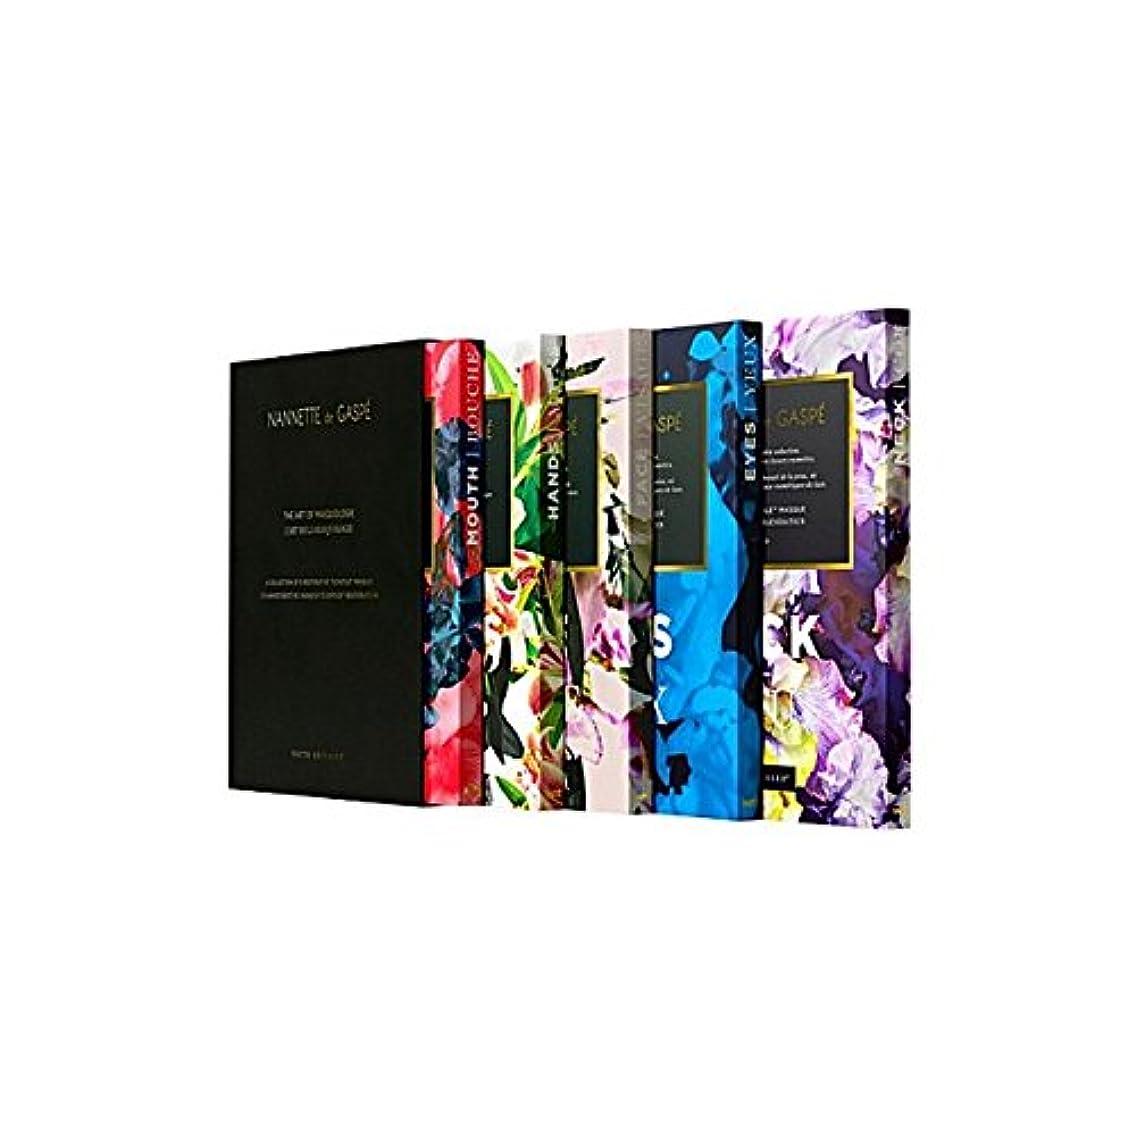 薄める作るペダルNannette De Gaspe Restorative Techstile Masque Coffret (Pack of 6) - デガスペ修復仮面劇コフレ x6 [並行輸入品]
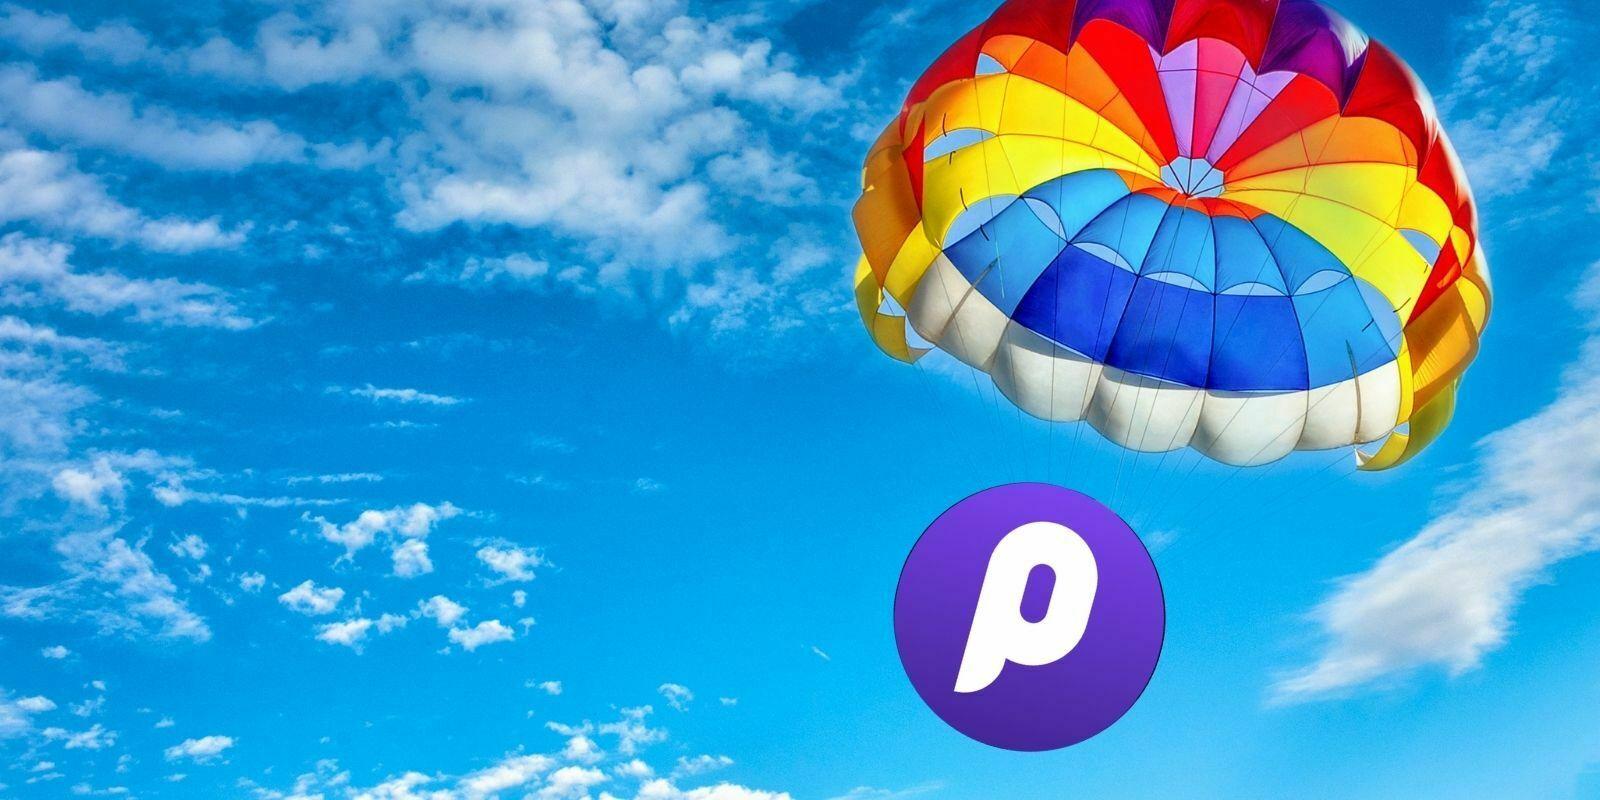 La loterie décentralisée PoolTogether (POOL) réalise un airdrop de son nouveau token
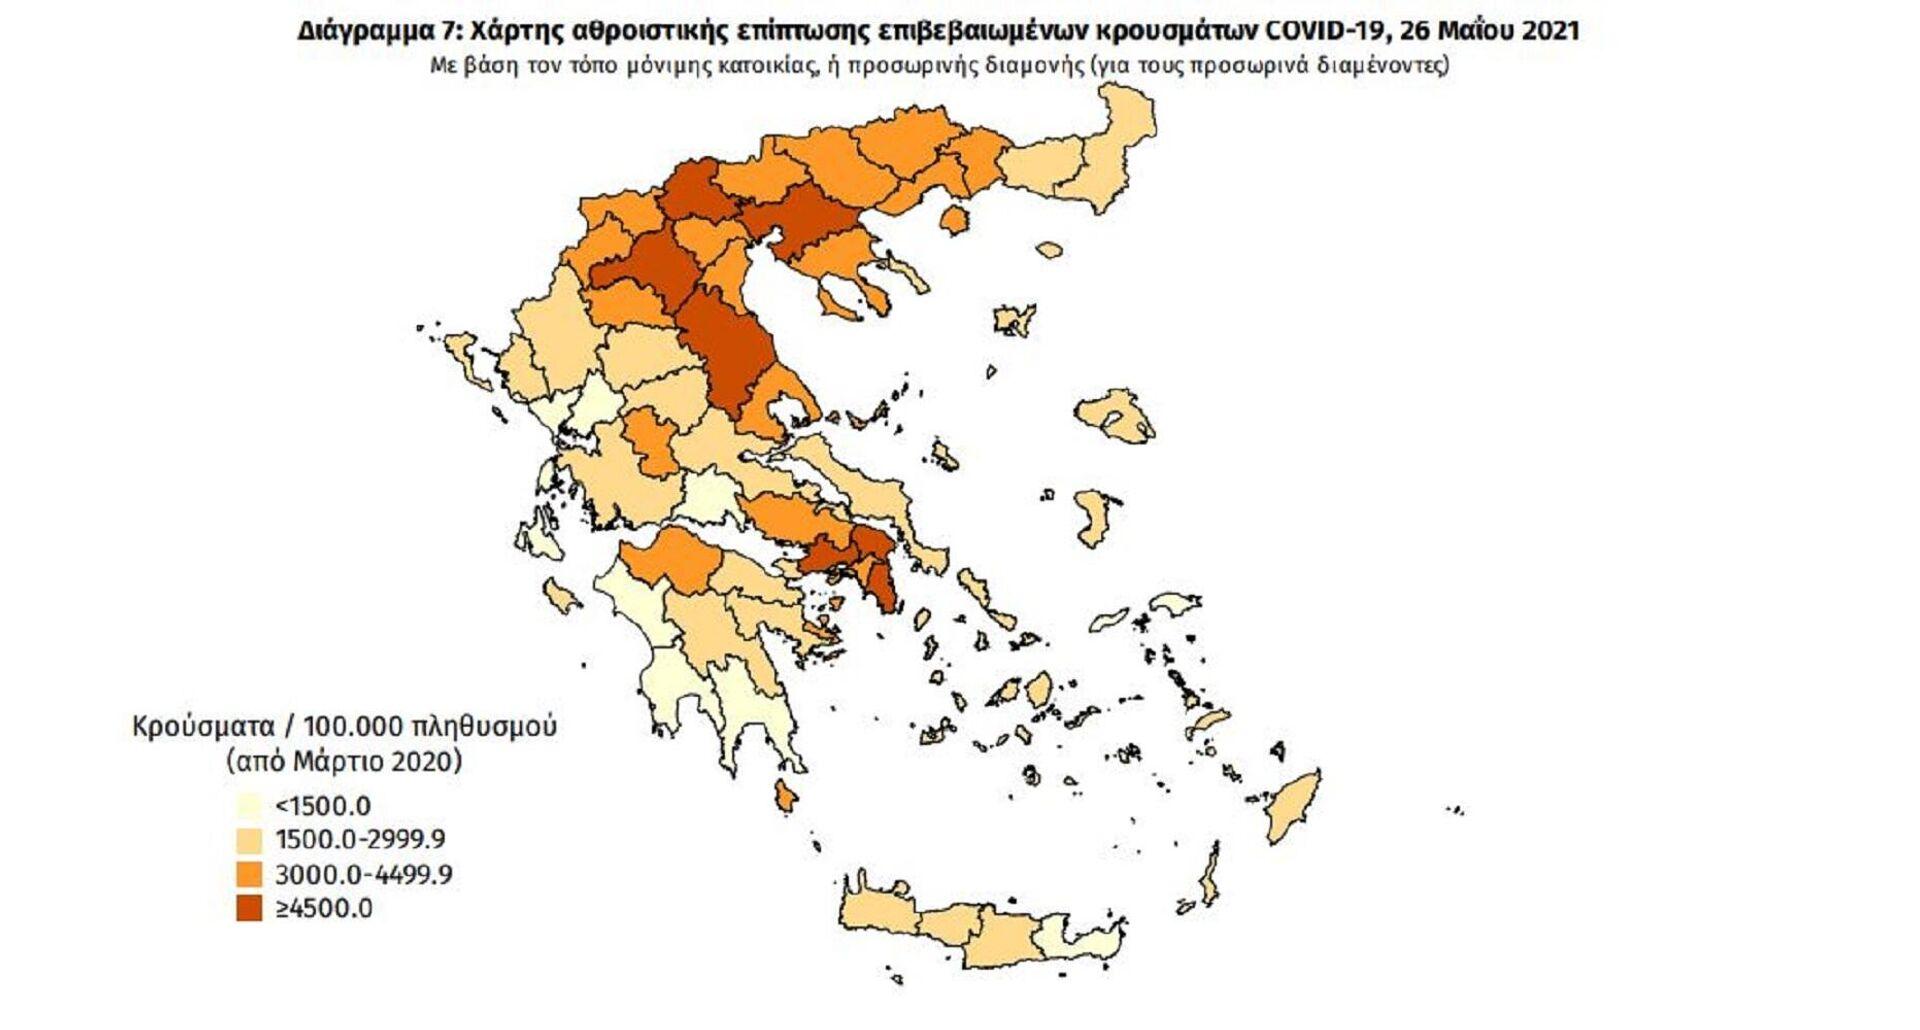 Χάρτης αθροιστικής επίπτωσης επιβεβαιωμένων κρουσμάτων COVID-19, 26 Μαΐου 2021 - Sputnik Ελλάδα, 1920, 26.05.2021
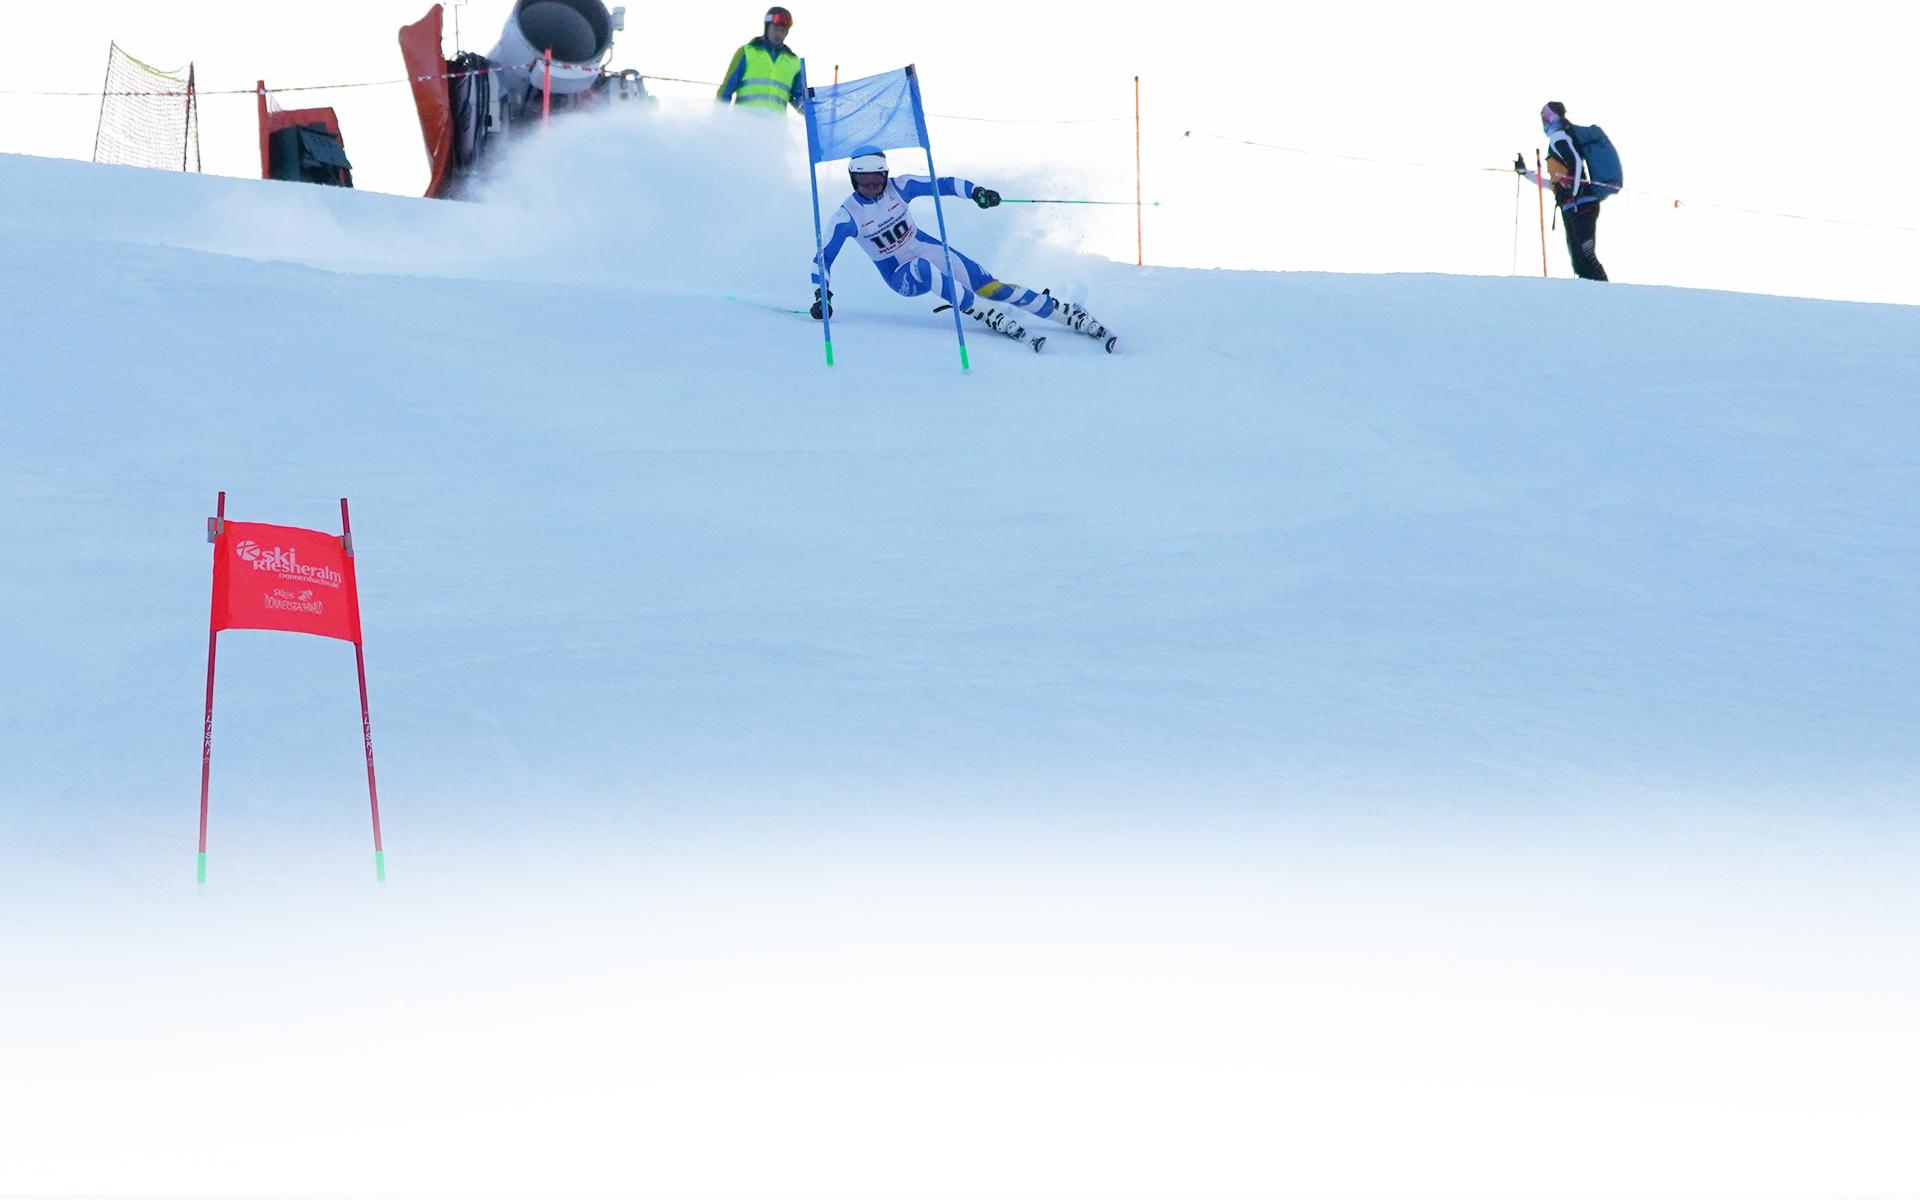 Slideshow-mit-verlauf-2019_Winter_Race-1
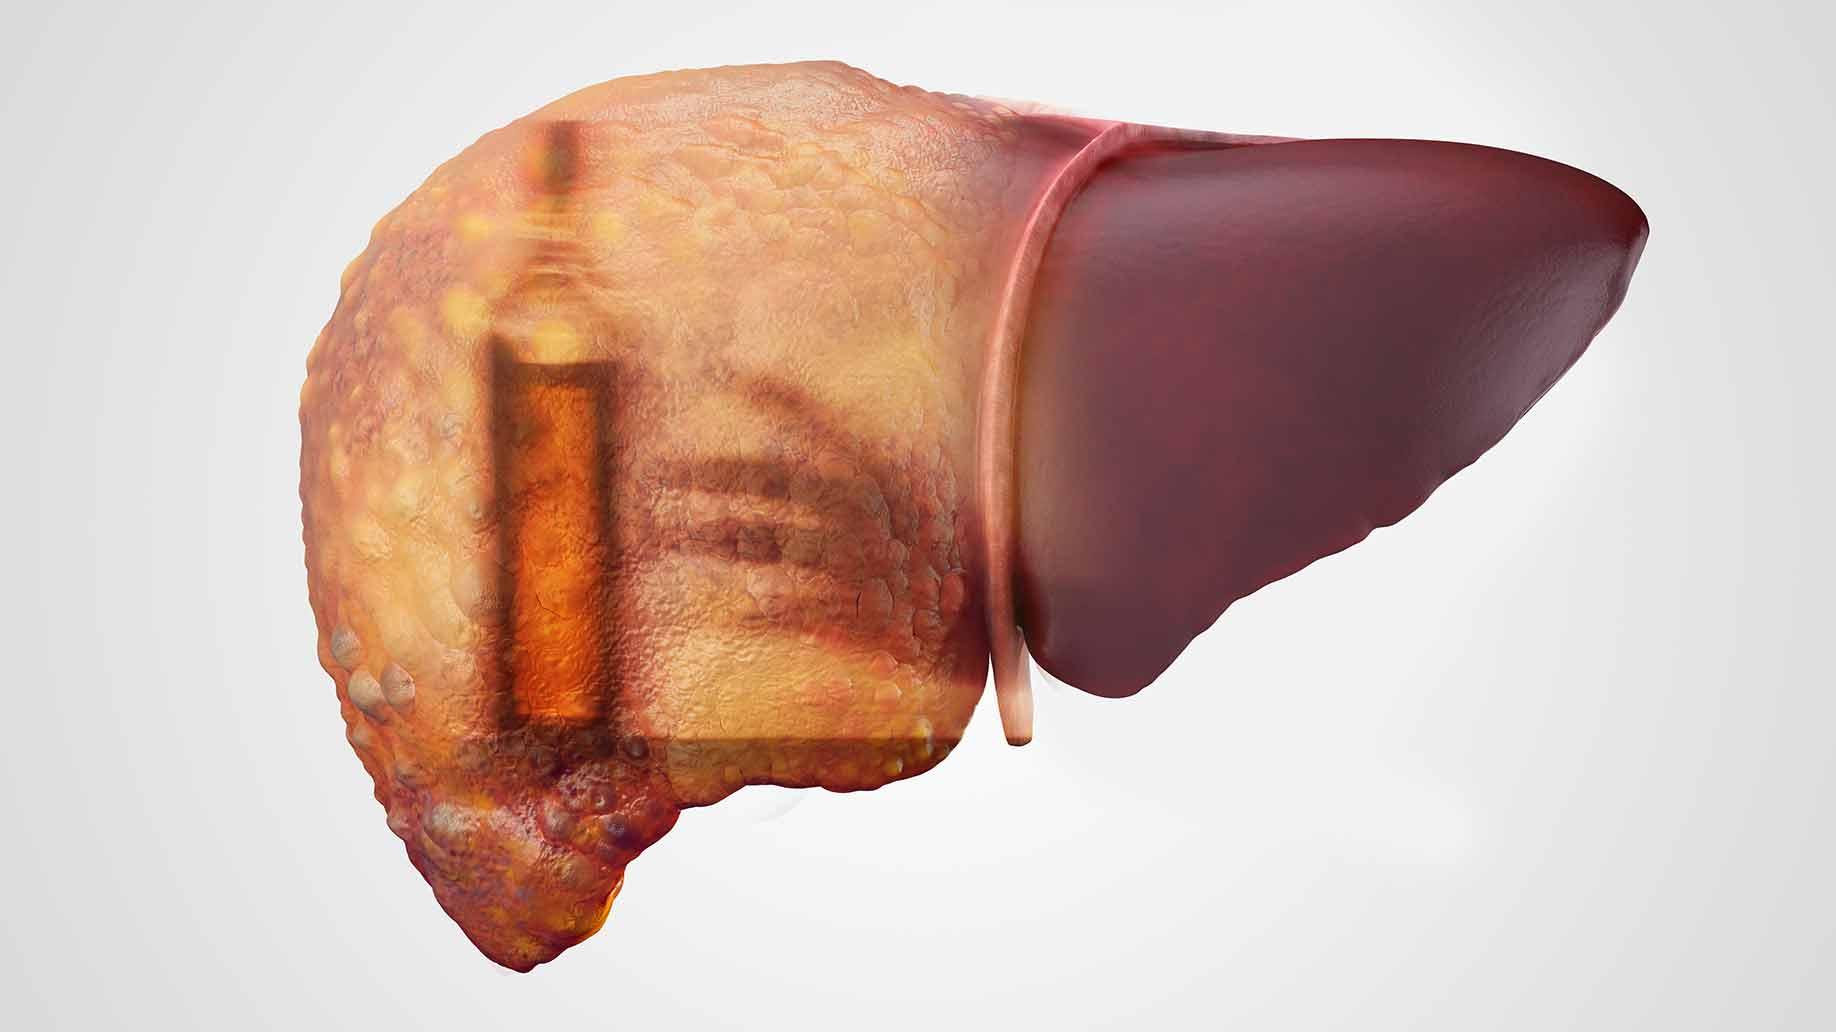 Алкогольный гепатит, предвестник цирроза: как распознать и вылечить

PROBLEM TO SOLVE » Please return exactly the lines above, from where the listing starts to the line holding "Slideshow-mit-verlauf-2019_Winter_Race-1", inclusive, with the pictures omitted.

ANSWER AREA »
 薄める作るペダルNannette De Gaspe Restorative Techstile Masque Coffret (Pack of 6) - デガスペ修復仮面劇コフレ x6 [並行輸入品]
 La loterie décentralisée PoolTogether (POOL) réalise un airdrop de son nouveau token
 Χάρτης αθροιστικής επίπτωσης επιβεβαιωμένων κρουσμάτων COVID-19, 26 Μαΐου 2021 - Sputnik Ελλάδα, 1920, 26.05.2021
 Slideshow-mit-verlauf-2019_Winter_Race-1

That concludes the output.